21. Paragraph (c) defines Class 4 National Insurance Contributions as being those contributions that are payable under the Social Security Contributions and Benefits Act 1992.

22. Section 559A(6) provides for regulations under Section 559(A) to be made by the Board of the Inland Revenue.

23. Section 559A(7) provides scope to deal in the regulations with incidental and consequential issues or to adapt the general procedures to fit the circumstance of particular cases. The mechanics of the scheme as a whole are covered in regulations and the nature of the construction industry means that business practices are constantly developing. These powers will, where appropriate, enable the Inland Revenue to respond to these developments within a reasonable timescale.

24. Clause 40 (2) is a consequential amendment to Section 829 Taxes Act 1988 and is required because the reference in Section 559 to deductions made under that section being income tax is being moved to the new Section 559A. The addition of a new subsection (2A) to Section 829 ensures that where a public department is a contractor a deduction required to be made under Section 559 is deemed to be income tax. Consequently, the public department has the same obligation as other contractors to make deductions under Section 559 from payments they make to subcontractors.

25. Clause 40 (3) is a consequential amendment to Section 59D of the Taxes Management Act 1970. This section contains the general rules about when corporation tax is due and payable. The amendment at S59D(4)(d) substitutes reference to Section 559 for Section 559A which replaces the provisions in Section 559 on the treatment of deductions in the Construction Industry Scheme. The effect of the amendment is that the deductions cannot be set off twice - once against ?relevant liabilities? of the subcontractor as an employer or contractor, and again against the subcontractor's liabilities as a company. They can only be set off as set out in the regulations under the new Section 559A.

26. Clause 40 (4) deals with the commencement of the clause. It provides for the provisions of Section 559(A) to cover any deductions made from the 6th April 2002. It also provides that any regulations made under S559(A) may take effect from that date. This means that there is no need for subcontracting companies to distinguish between deductions made before and after the Finance Bill and so provides for consistency in treatment of all payments made in the 2002-2003 income tax year.

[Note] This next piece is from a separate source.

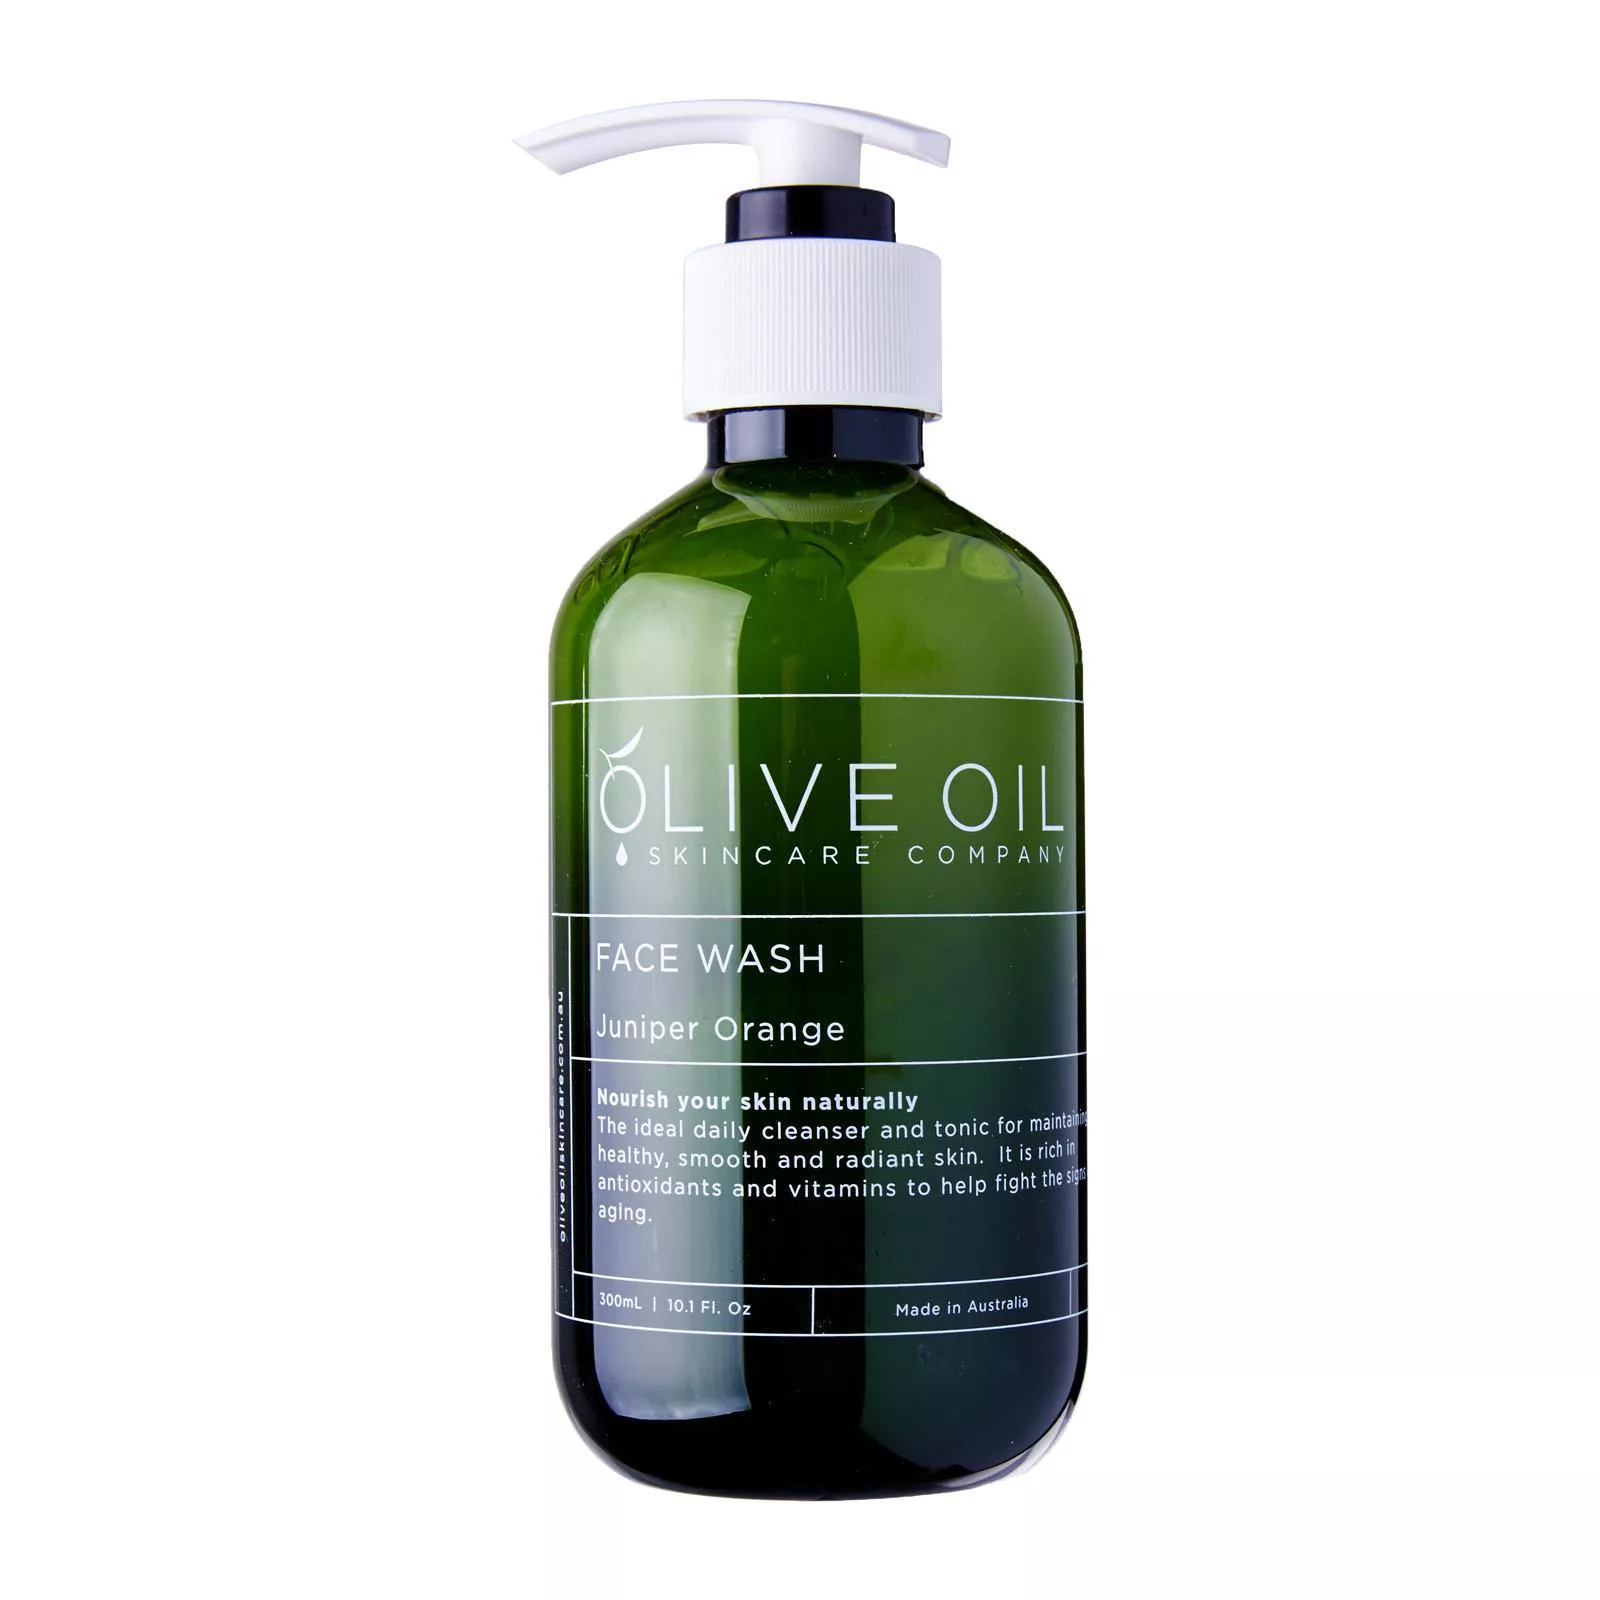 Olive Oil Skincare Company Face Wash

27. Nothing in the subsection requires any deductions that have already been set against corporation tax as part of a self-assessment, or any repayment of deductions that may have been made up to the passing of the Finance Bill to be undone. In practice, companies will be able to choose whether to set deductions that are made from their income between 6 April 2002 and Royal Assent against corporation tax when they send in their return.

BACKGROUND NOTE

28. In 2001-2002 we received complaints from the construction industry that the 18% rate of deduction for companies in the Construction Industry Scheme was not consistent with their corporation tax liability, which was, in many cases, significantly lower than 18% of their profits. Before this measure was introduced, companies could only receive a repayment of excess deductions when they filed their corporation tax self assessment at the end of their accounting period. This therefore hit the company's cash flow and their ability to compete effectively in the market place.